28 February 2014
PA’s Willem van Asperen, a data science specialist, is quoted in an article on Hadoop 2. The article looks at the capabilities of Hadoop and the open-source technology stack for big data analysis which has recently become bigger.
In the new version of Hadoop, MapReduce 2 is responsible for job processing, running on top of a new layer in the Hadoop stack, YARN (Yet Another Resource Negotiator), which handles resource management.
Willem comments that this new reconfiguration means programmers can run multiple applications in Hadoop, including MapReduce for batch processing of data, all sharing common resource management, provided by YARN. He says that it will make a huge difference to programmers: “The old resource manager was tuned to batch jobs: you made sure all the data was available, you ran the job and downloaded the results.”

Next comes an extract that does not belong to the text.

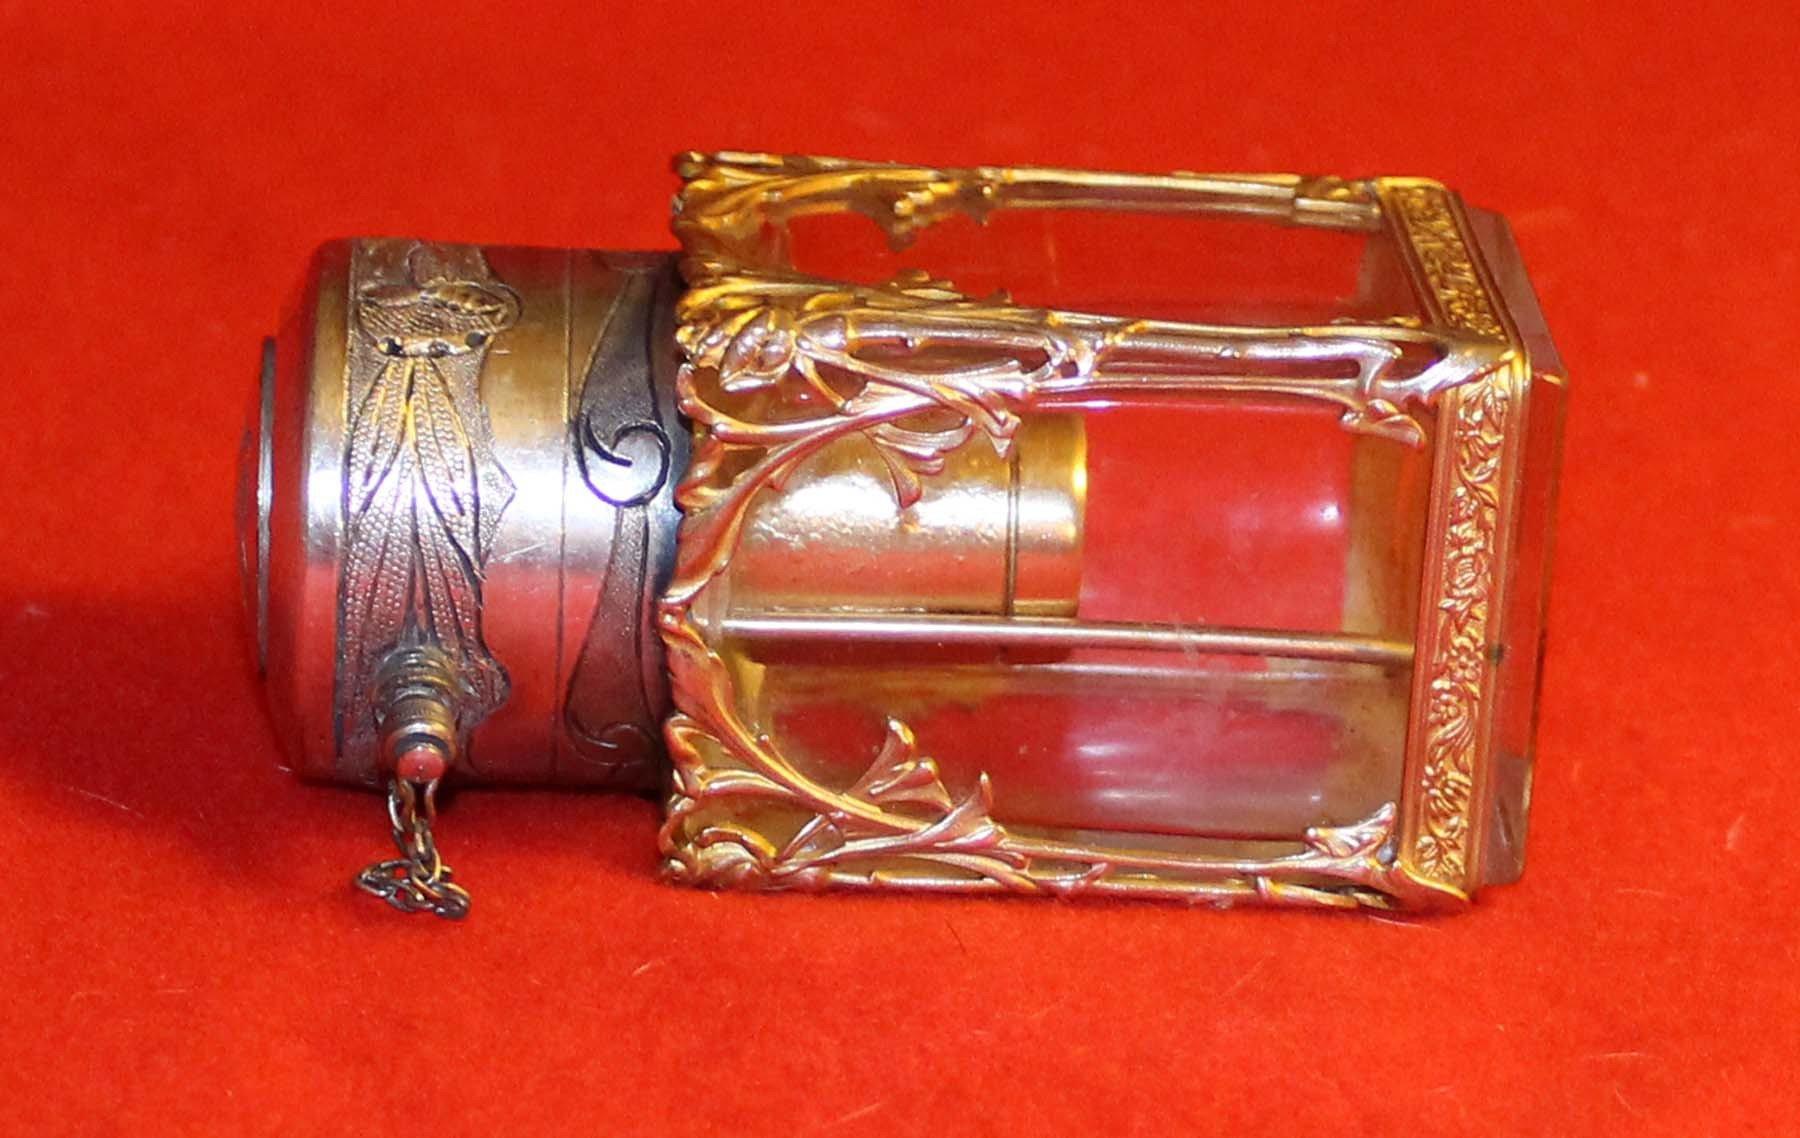 galerie-bosetti-antiquites, vaporisateur art nouveau,position allongée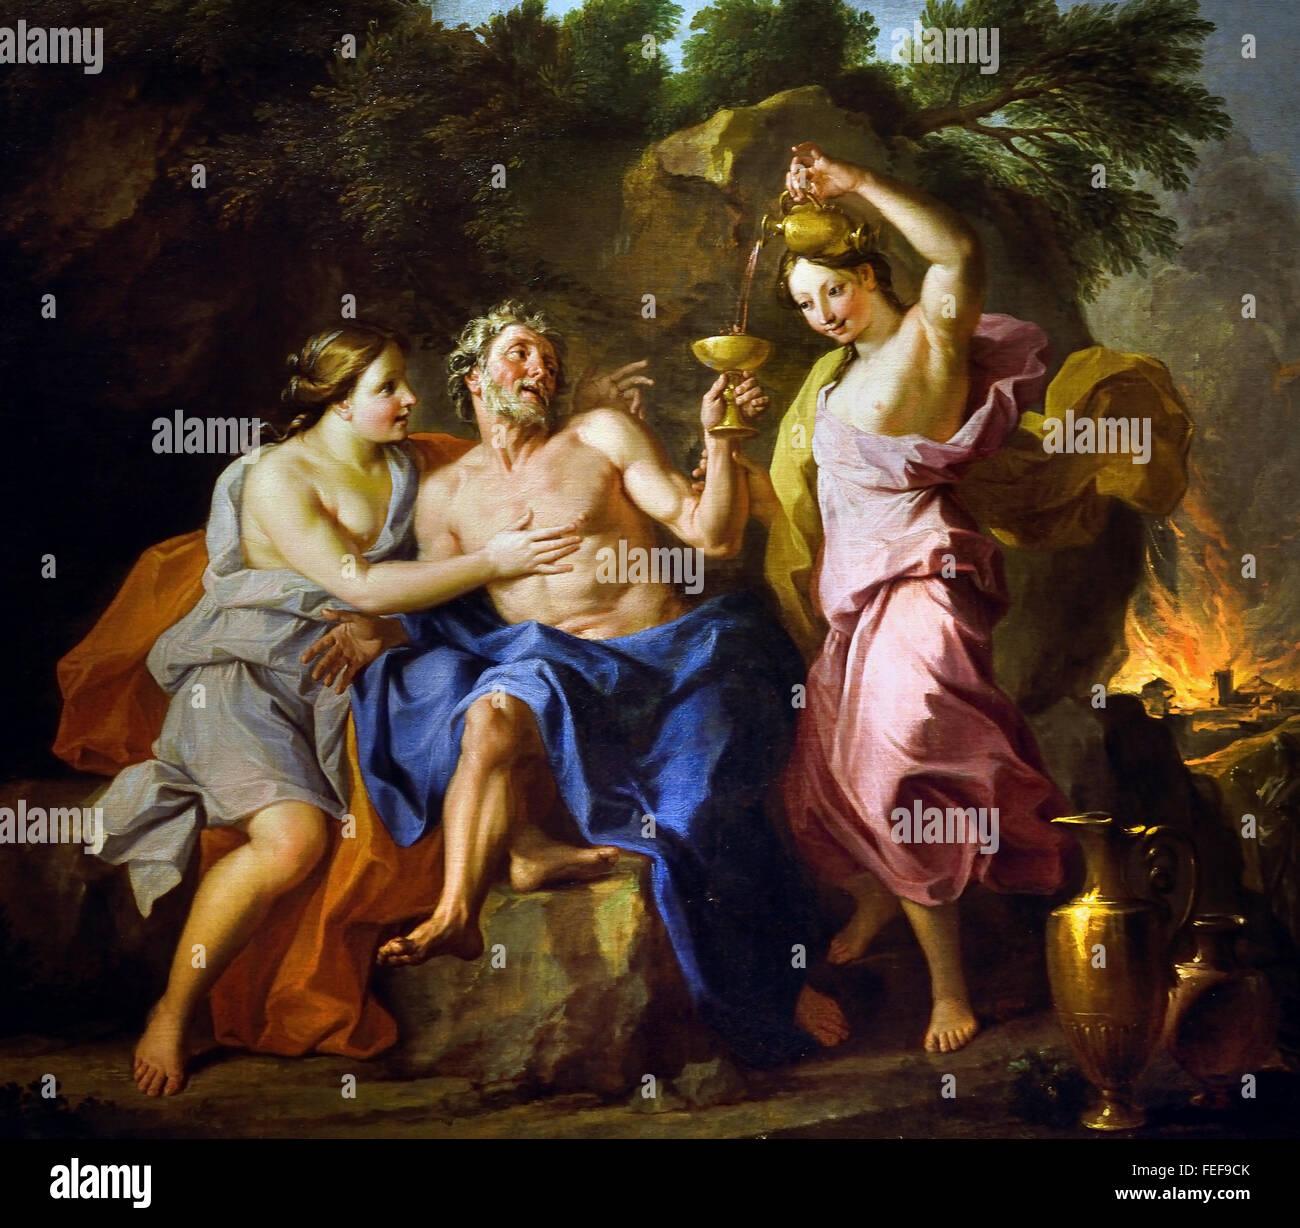 lot noel Lot and his Daughters (or Drunkenness Lot) by Noel Coypel 1628  lot noel

“With YARN, you’ve got a far more open and flexible application-programming interface. This means that it is now easy for other frameworks to use the resource-management layer - not just the batch processing of MapReduce, but a whole host of online and immediate-results frameworks are underway. They run on top of Hadoop, but give the user the immediate response that is vital to many use cases.”
Willem goes on to say that changes to the Hadoop Distributed File System (HDFS) – also included in Apache Hadoop 2 – provide new failover capabilities, for better availability of the stack. “All of a sudden, Hadoop has become a platform for fault-tolerant, resilient, online big-data analysis - it’s a big step forward,” he says.